Aged hands of a person of colour crossed over their lap

Stories about migration are everywhere right now, on television, in the news, and increasingly in novels. But long before it became a widely discussed topic, migration shaped families, identities, and histories in ways that are still unfolding today.


For many of us, these stories are not abstract. They are personal.


They live in the stories our parents told us about the places they left behind. In the recipes passed down through generations. In the small cultural habits that survive even when oceans separate us from where we began.


These are the kinds of stories that inspire the books I write.

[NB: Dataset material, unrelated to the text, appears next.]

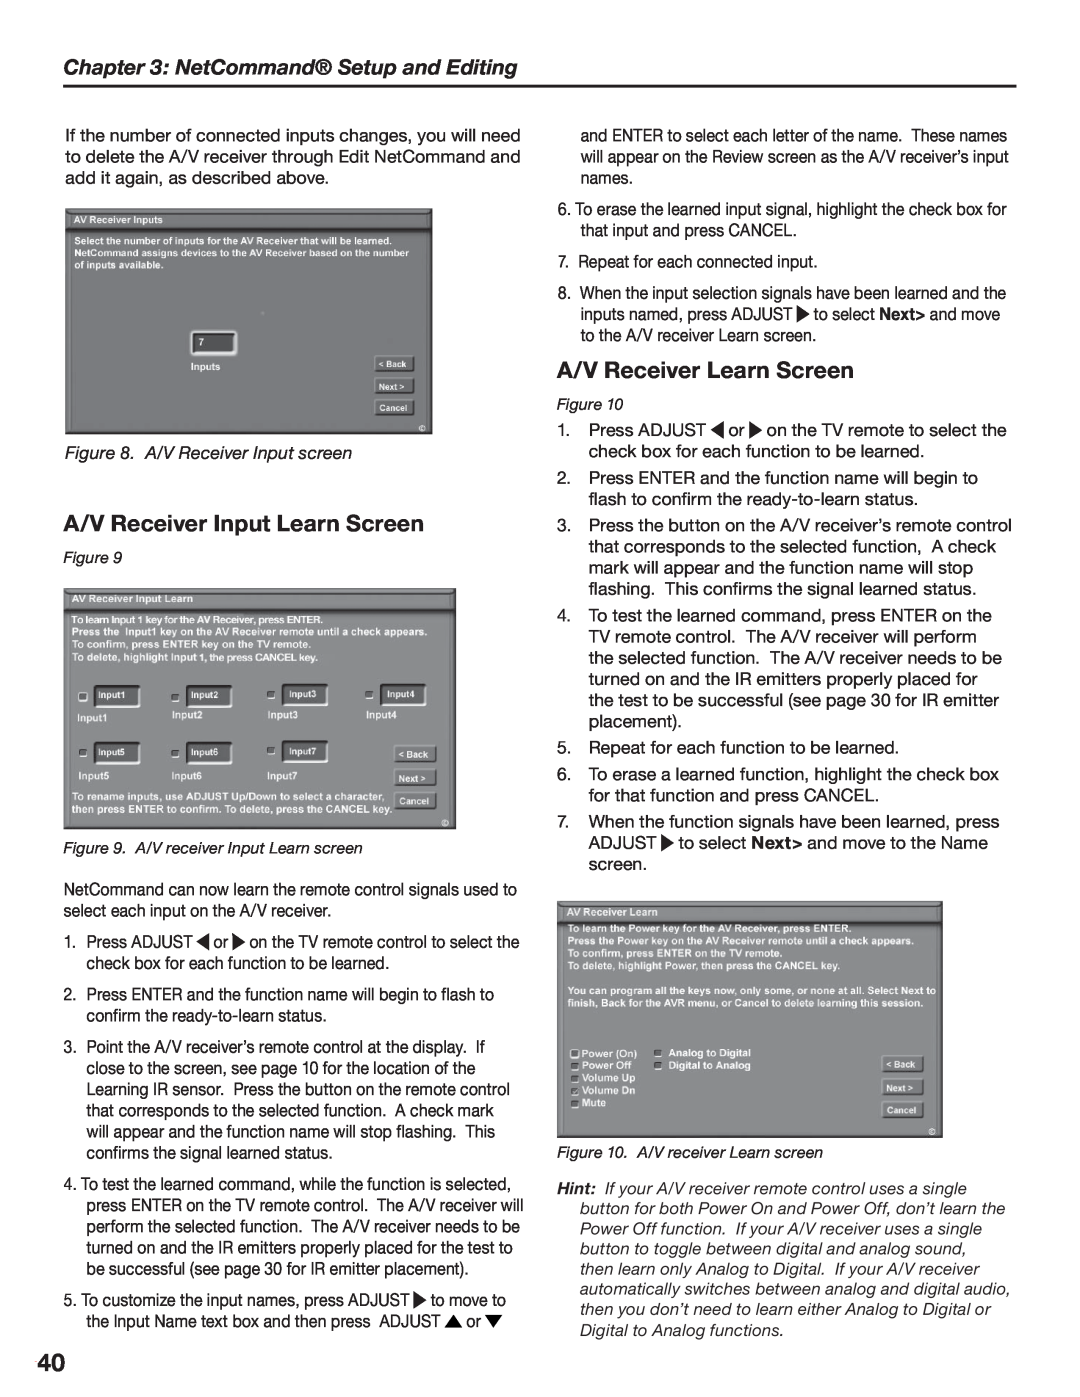 Mitsubishi Electronics LT-3280 A/V Receiver Input Learn Screen, A/V Receiver Learn Screen, NetCommand Setup and Editing

The Emotional Truth Behind Migration


When people move to a new country, the practical challenges are obvious: finding work, building a home, learning a new system. But what interests me most as a writer is the emotional landscape that sits beneath those experiences.


Migration is not just a journey across geography. It is a journey of identity.


Who do we become when we leave one place and begin again somewhere else?What parts of ourselves do we carry forward, and what do we leave behind?


These questions are often felt most strongly by women. In many families, women hold together memory, culture, and emotional connection across generations.


That tension, between past and present, belonging and reinvention, is fertile ground for storytelling.


The Stories Hidden in Family History


Many migration stories are never written down. They live in fragments: an anecdote told at the dinner table, a photograph whose context has been half forgotten, a memory shared by an older relative.


Sometimes those fragments are all we have.


Yet within them are extraordinary lives.


People who crossed oceans with little more than hope. People who rebuilt their lives in unfamiliar cities. People who carried secrets, sacrifices, and dreams that shaped the generations who followed.


When I write historical fiction, I often think about those hidden stories. Fiction gives us a way to imagine the emotional truths that history books rarely capture.


Why These Stories Still Matter


It might seem that migration stories belong to the past. But their impact continues to shape our present.


Children and grandchildren of migrants often grow up navigating multiple identities. Connected to more than one culture, more than one place, and sometimes more than one version of history.


That complexity can be challenging, but it is also powerful. It creates stories that span generations and oceans. Stories of resilience. Stories of love. Stories of identity. And perhaps most importantly, stories of women finding their voice within the circumstances history placed around them.


The Stories I Love to Tell


In my novels, I explore emotionally rich stories set between the Caribbean and London - stories where love, identity, and secrets shape the lives of women across generations.


I’m drawn to characters who face difficult choices. Women who must navigate family expectations, cultural change, and the quiet weight of the past. Because within those journeys are questions many of us still ask ourselves: Where do we belong? What do we inherit from the past? And how do we shape our own future?


Those questions never stop being relevant.


And that’s why these stories still matter.